Because there will never be any group like The Sapphires.

FINAL WORD: I just love O’Dowd and this role proves even more so why that is. He may start out like a snake oil salesman but through out the film this character shows heart, and dare I even say love for these girls. He has a comedic timing that is endearing and it seems he does it with such ease.

Mauboy as Julie is strong willed and has no problem saying what she feels. When something is wrong her temper flairs and when something goes right, well, her temper flairs. The later is more so out of fear and protection for the other girls – and her own heart.

Mailman as Gail, Sebbens as Kay and Tapsell as Cynthia are three of the most perfect girls to play the characters that has such diverse personalities yet are exactly alike. Well, obviously they are ‘family’ in the film but this is more than that. Its this cast working together in such rare form that the films becomes such a joy and a lesson learned mixed with a heartwarming experience.

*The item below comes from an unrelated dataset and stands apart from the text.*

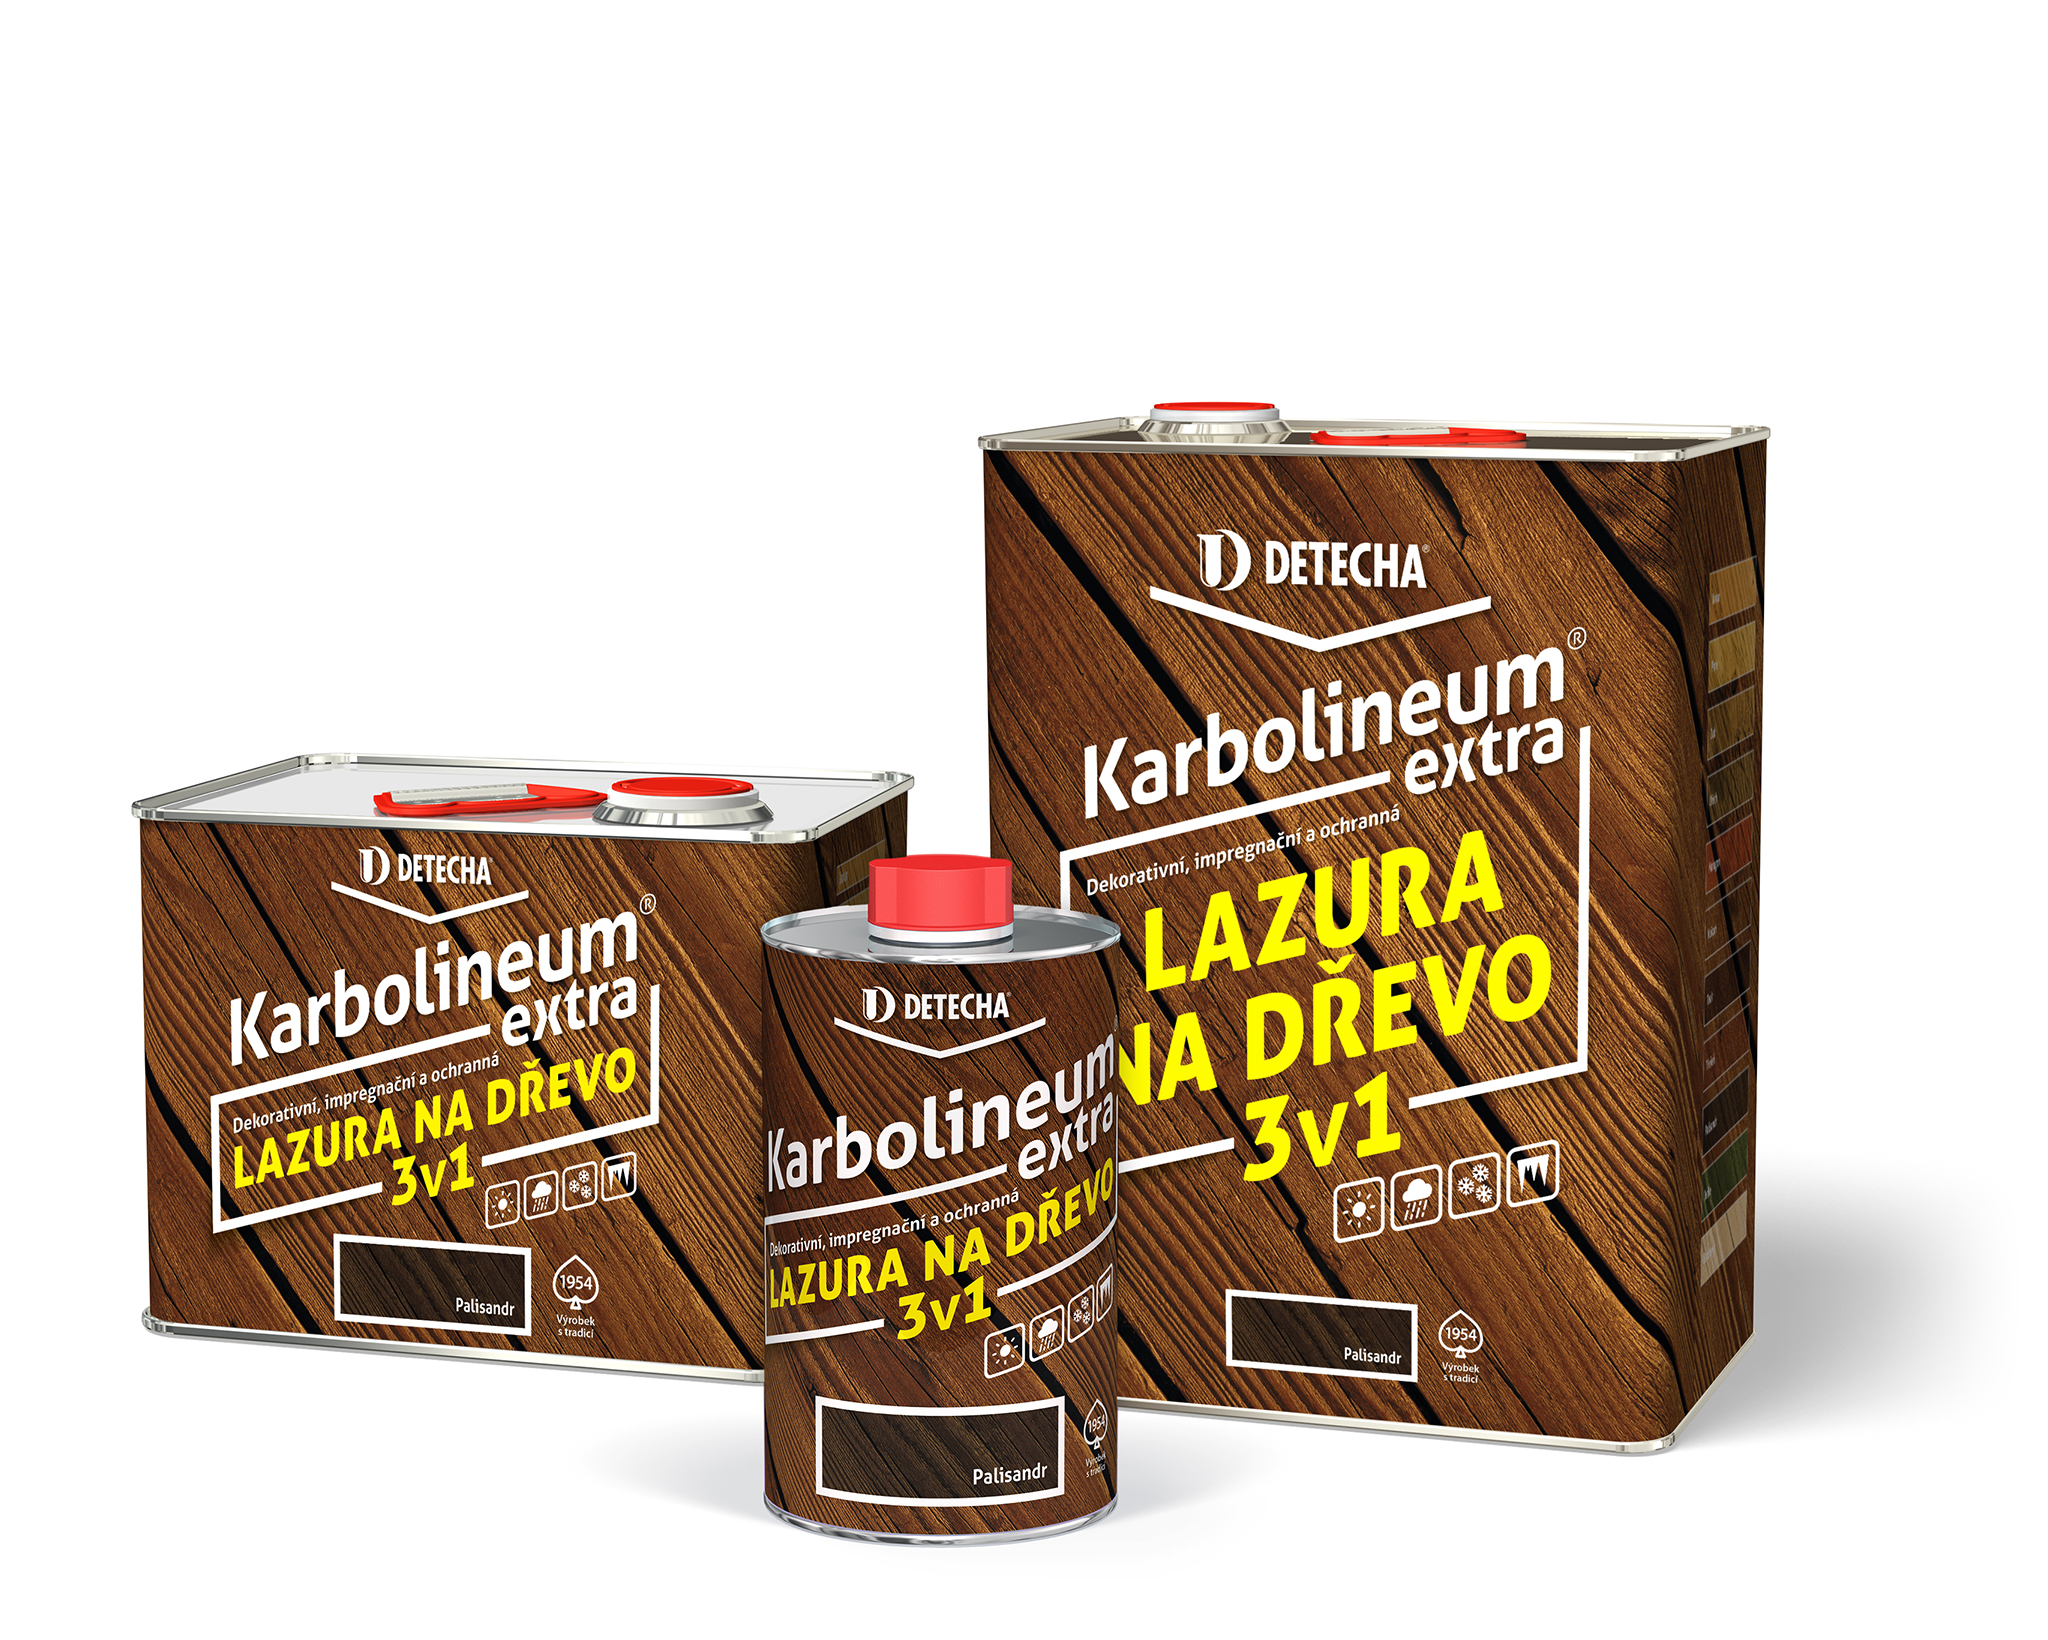 Detecha Karbolineum extra lazura na dřevo 3v1 3,5kg

Other cast include: Tory Kittles as Robby, Eka Darville as Hendo, Lynette Narkle as Nanny Theresa, Kylie Belling as Geraldine, Gregory J. Fryer as Selwyn, Don Battee as Myron Ritchie, T.J. Power as Lt. Jensen, and Tammy Anderson as Eveyln.

TUBS OF POPCORN: I give THE SAPPHIRES three and a half tubs of popcorn out of five. There is such a deep story here worthy of telling. I do wish they had gone further into the history of the girls but there is enough here to definitely get the jest of it.

The characters deal with a history that is long and, in some cases, quite culturally brutal as well as the personal dynamics of a family. Watching the girls hang on to this precious dream is just amazing to me. Equally so is seeing what they had to do to even come close to it.

Adding the cherry on the cake is that this is a true story of these girls and the film includes where they are today and I absolutely love when that happens.

In the end – the tour that put them on the charts wasn’t even on the map!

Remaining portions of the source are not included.